Re: achilles tendon / plantar fascia connection

Scott R on 6/11/01 at 20:39 (050484)

Both footpro and Dr. Reid have said today that there is tissue that connects the achille's tendon and plantar fascia and that this is the primary reason lack of ankle dorsiflexion in the achillies leads to plantar fascia problems. I would like to disagree, even (actually, especially) if this is what is being taught in DPM schools. The calcaneous, acting as a rigid body connecting and transferring forces from the Achille's tendon to the plantar fascia, is all there needs to be in order for tension in the Achilles to be transferred to tension in the plantar fascia (and vice versa dependon on your point of view). If one were to stand on the edge of a step with the balls of their feet and lower their heels and then flex their calf muscles, the tensions would be FatxDat=FpfxDpf where F is the force in the achille's tendon or plantar fascia and D is the closest distance from the ankle pivot point to the center of force in the achille's tendon and plantar fascia. Since D is greater to the PF than to the AT (about 2 or 3 times greater by my estimate), Fpf can be 2 to 3 times smaller than Fat (it's a basic torque problem, t=FxD). The 'longus' tendons that travel to the mid and forefoot from the other calf muscles (non-achille's tendon muscles) that also transfer tension do not affect the equation, but reduce Fpf and Fat. How much or little they reduce those forces I can only estimate by comparing the relative size of the calf muscles.

Re: achilles tendon / plantar fascia connection

Scott R on 6/11/01 at 20:40 (050485)

My equations in my last post didn't show up very well, so here's a repost:

Both footpro and Dr. Reid have said today that there is tissue that connects the achille's tendon and plantar fascia and that this is the primary reason lack of ankle dorsiflexion in the achillies leads to plantar fascia problems. I would like to disagree, even (actually, especially) if this is what is being taught in DPM schools. The calcaneous, acting as a rigid body connecting and transferring forces from the Achille's tendon to the plantar fascia, is all there needs to be in order for tension in the Achilles to be transferred to tension in the plantar fascia (and vice versa dependon on your point of view). If one were to stand on the edge of a step with the balls of their feet and lower their heels and then flex their calf muscles, the tensions would be FatxDat=FpfxDpf where F is the force in the achille's tendon or plantar fascia and D is the closest distance from the ankle pivot point to the center of force in the achille's tendon and plantar fascia. Since D is greater to the PF than to the AT (about 2 or 3 times greater by my estimate), Fpf can be 2 to 3 times smaller than Fat (it's a basic torque problem, t=FxD). The 'longus' tendons that travel to the mid and forefoot from the other calf muscles (non-achille's tendon muscles) that also transfer tension do not affect the equation, but reduce Fpf and Fat. How much or little they reduce those forces I can only estimate by comparing the relative size of the calf muscles.

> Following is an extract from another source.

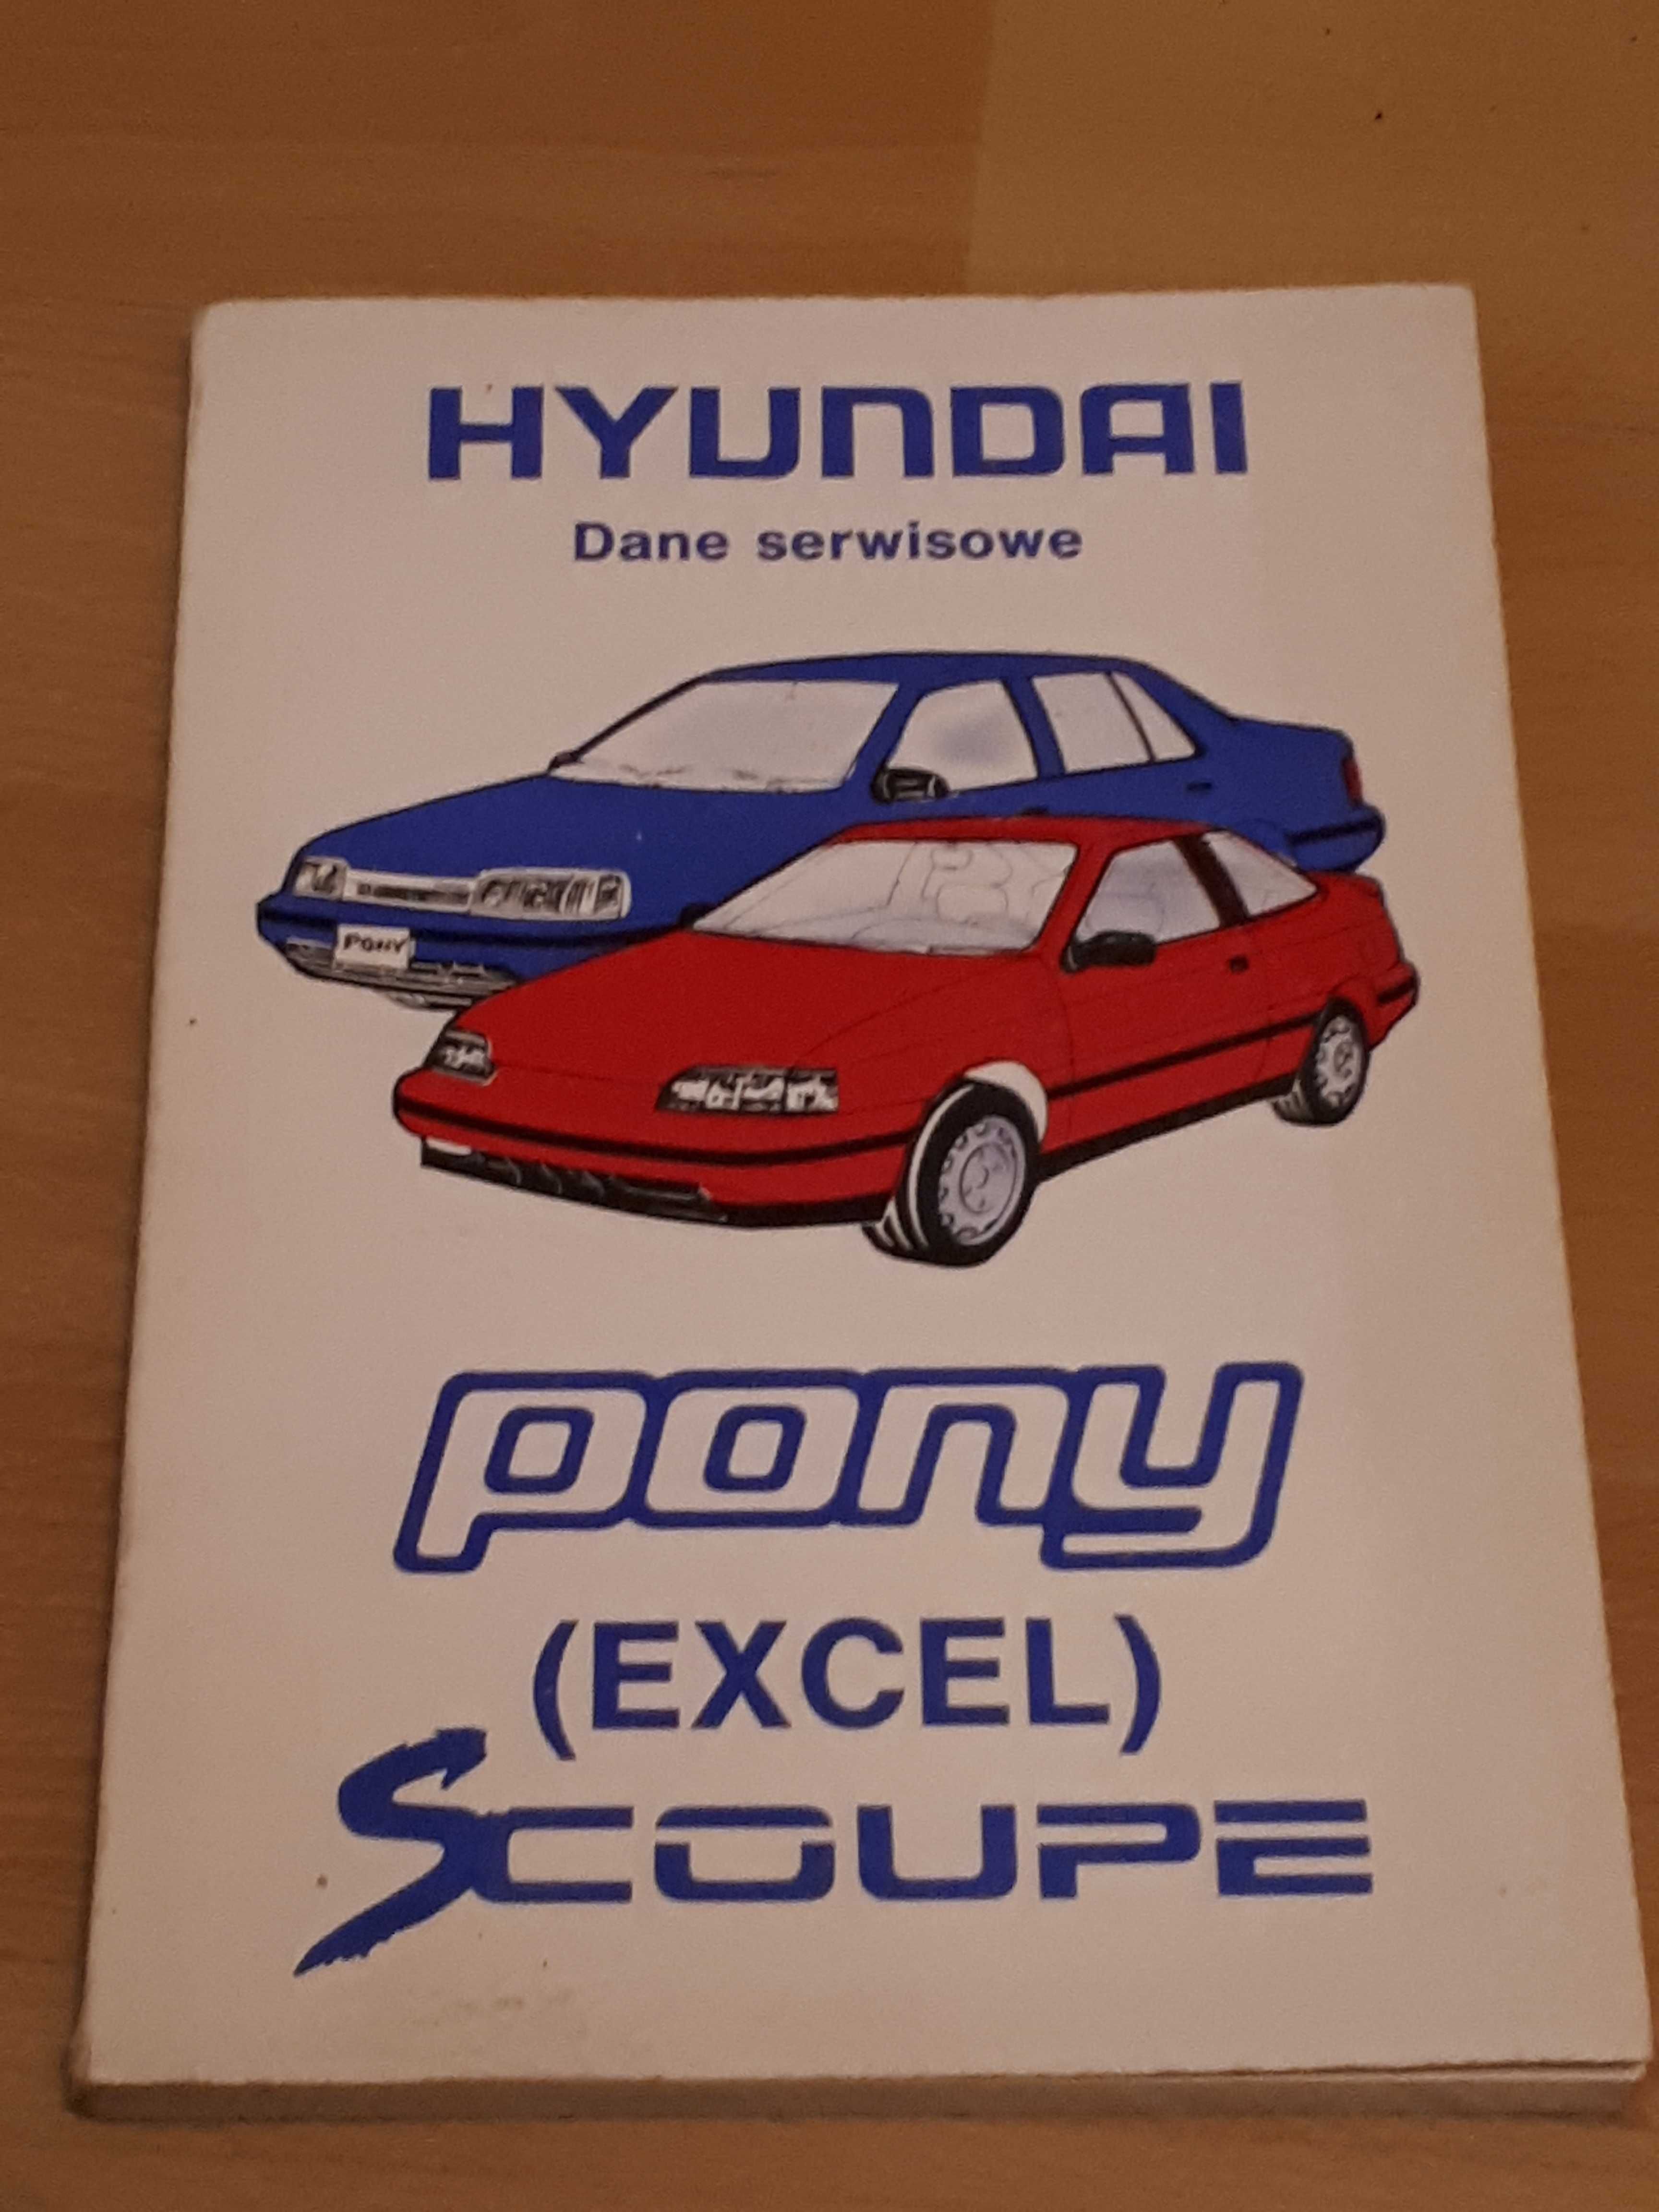 Hyundai Pony Excel Scoupe dane serwisowe nakład 500 egz.

Re: achilles tendon / plantar fascia connection

josh s on 6/12/01 at hrmin (050494)

Scott, did you see the link for http://www.chiroweb.com/archives/17/23/11.html I left some weeks ago. I also read recently of pf connections as far back on the heel as just below the achilles insertion, in addition to the more commonly visualized ones in front of the calcaneal tubercles.

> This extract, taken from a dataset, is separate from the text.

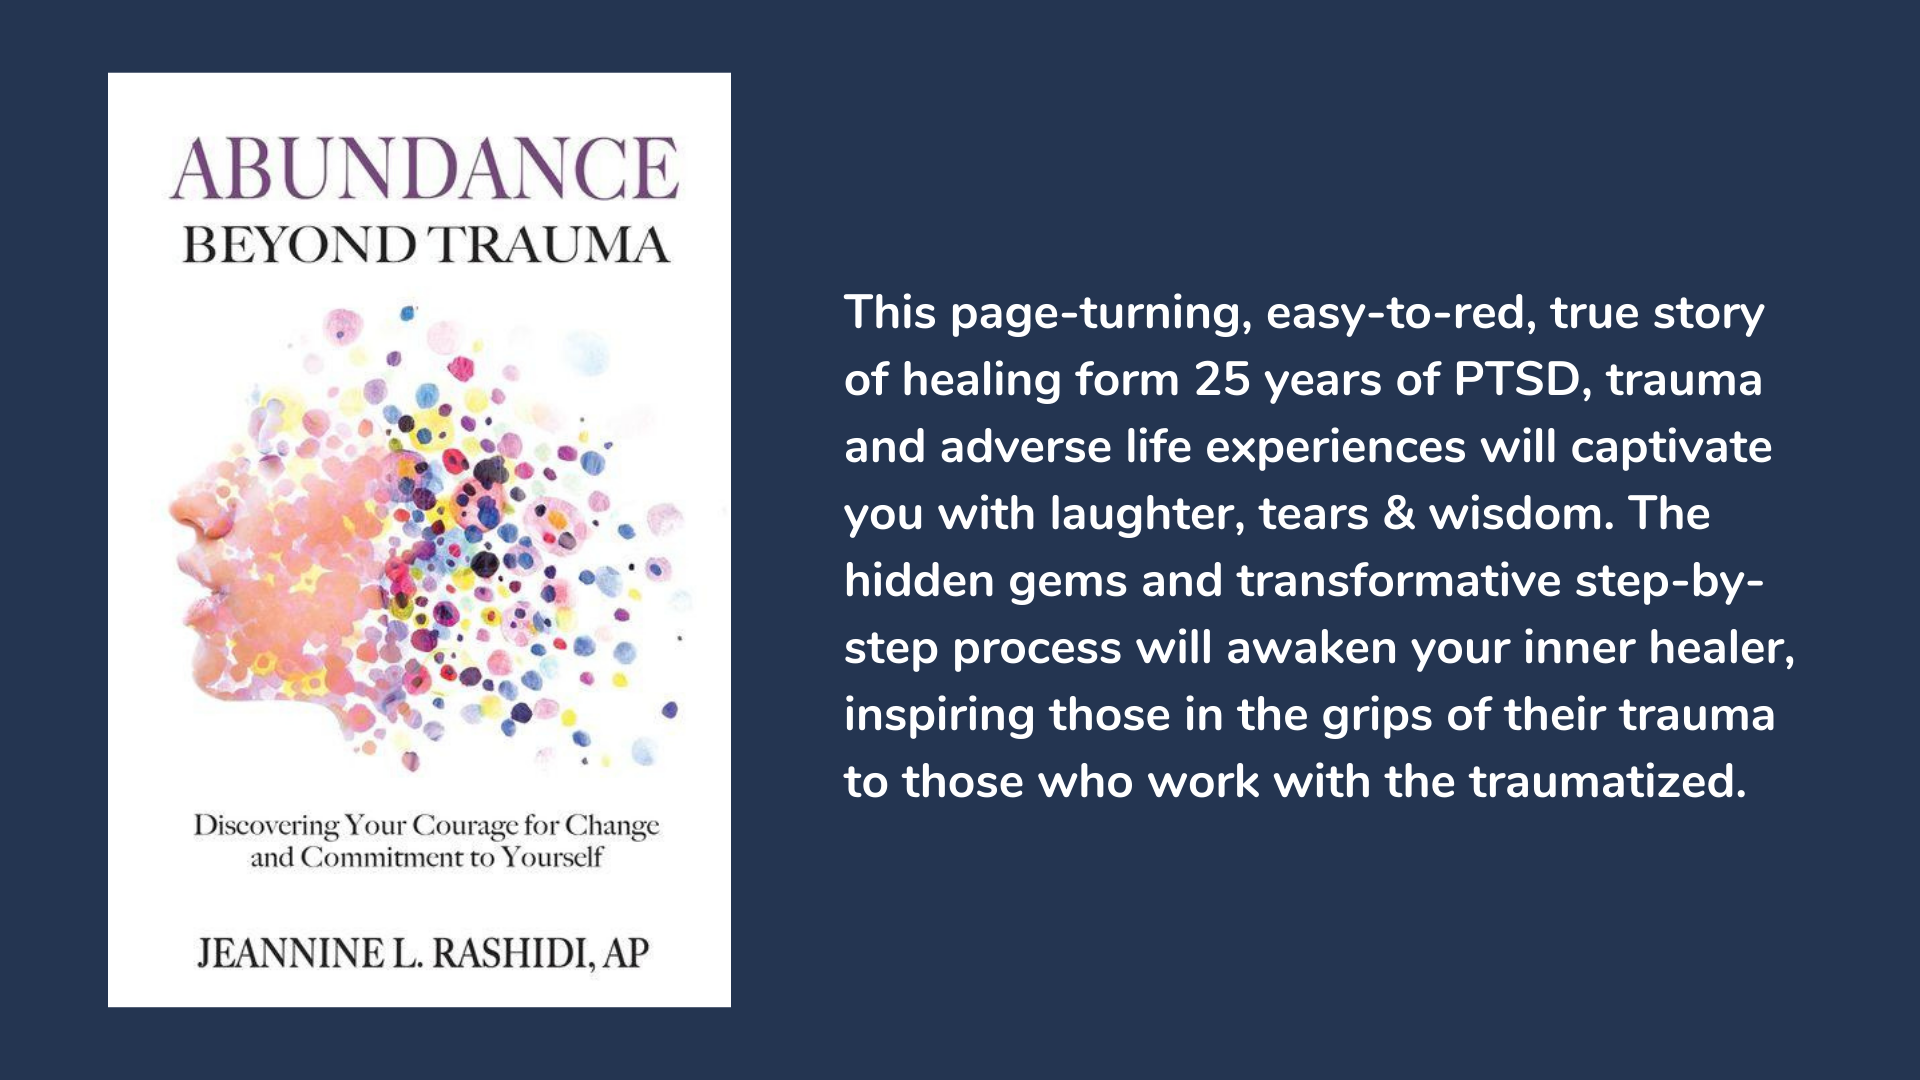 Abundance Beyond Trauma, book cover and description.

But you're right, it really does'nt matter, they are still connected through the heel bone. At the end of your post you mention the plantarflexors of the leg that do not attach to the calcaneous. The peroneus longus and tibialis posterior whose tendons form a 'sling' beneath the midfoot both can act as plantarflexors but pull from the foot rather than the heel. This may offer an interesting, safer method of stretching the calves.

I recently purchased an e'book called 'How To Use The Foot Arch Correctly' by Dennis Dennlinger. Not suprisingly it's pretty silly. The author describes the method whereby learning to conciously contract and build up the peroneous longus muscle he was able to turn his flat foot into a functional foot with an arch. Though I doubt pt's or podiatrists would find the conscious hypercontraction of the peroneous longus to plantarflex the first ray as a 'cure' for a forefoot varus, or a sound long term rehabilitation strategy, his idea may provide for safer stretching.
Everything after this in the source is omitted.